Больше Кирилл не заговаривал о Мацвае.

Кирилл всепрощенец, но однажды кому-то не простив, он уже не простит ему никогда.

4

Я вырос в деревне. Нас было пятеро: отец, мать, я и две сестренки. Папа и мама нами очень мало занимались: все на колхозных работах.

Когда отец воевал с немцами, мы бедствовали. Урожай не урожай. На трудодень получали от силы двести граммов ржи или пшеницы.

Спасало молоко.

Перегоняли на сливки. Сливки пахтали. Сбитое масло везли в город, на базар. Обрат заквашивали на творожок. Творожок тоже в город. Продадим, купим муки, картошечки, маргогусалину. Над каждой крошкой трясемся. Отощаем до того, что самих себя с одрами сравниваем. Случалось, что и опухали. Жалели тех, кому нечем было спасаться. Проклинали фашистов.

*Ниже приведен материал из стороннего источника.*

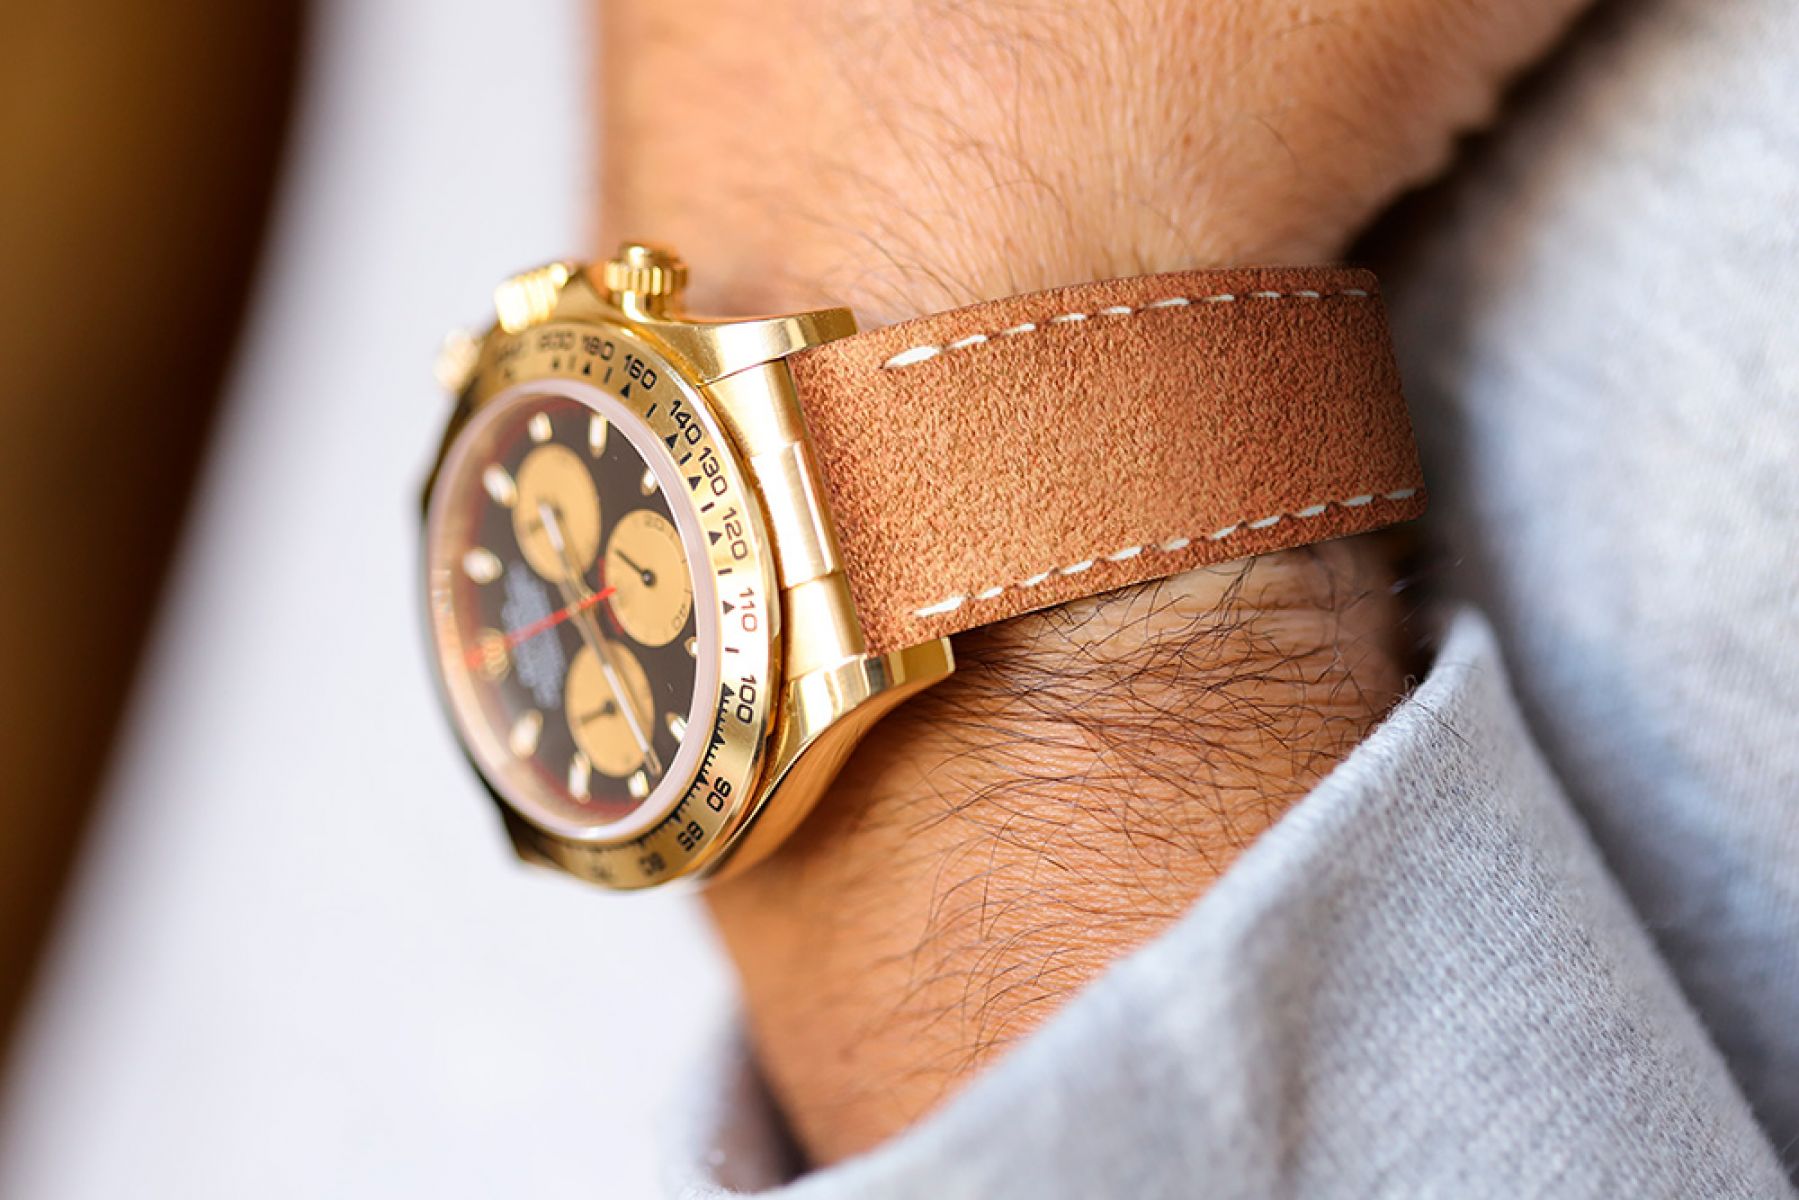 Best Leather Watch Straps - Milanostraps

Папа вернулся с войны израненный. Посмотрел, послушал, говорит: «Разорились страшенно! Ничего не поделаешь. Надо было для победы. Скоро оклемаемся. Как пить дать».

В сорок седьмом, слышу, шепчет маме. Глухая осенняя ночь. Темнотища за окном, будто всю землю распахали.

— Стремишься, работаешь, ан не к вёдру оно.

— Да, год от году не легче.

— Неправильность происходит в деревне.

— Ильич мало годов правил, здоровьем был плох, а ездил по заводам и деревням. Глядел, как народ живет, думы изучал. Надо бы и нынче так.

Отец круто переменился. Раньше, приходя перекусить, совсем не засиживался дома. Поел — и как не было. Мы, я и сестренки, жаловались матери: «Чо папка с нами никогда не поиграет?» Она отшучивалась: «У него в сапогах горячие угольки. Сидит — жгутся, бежит — ничего».

Теперь отец неохотно уходил из дому. Часто прихварывал — на ненастье мучили раны. Он сделался вялым. Прежняя упругость возникала в нем лишь тогда, когда он, как подсмеивалась над ним мама, вдарялся в критику.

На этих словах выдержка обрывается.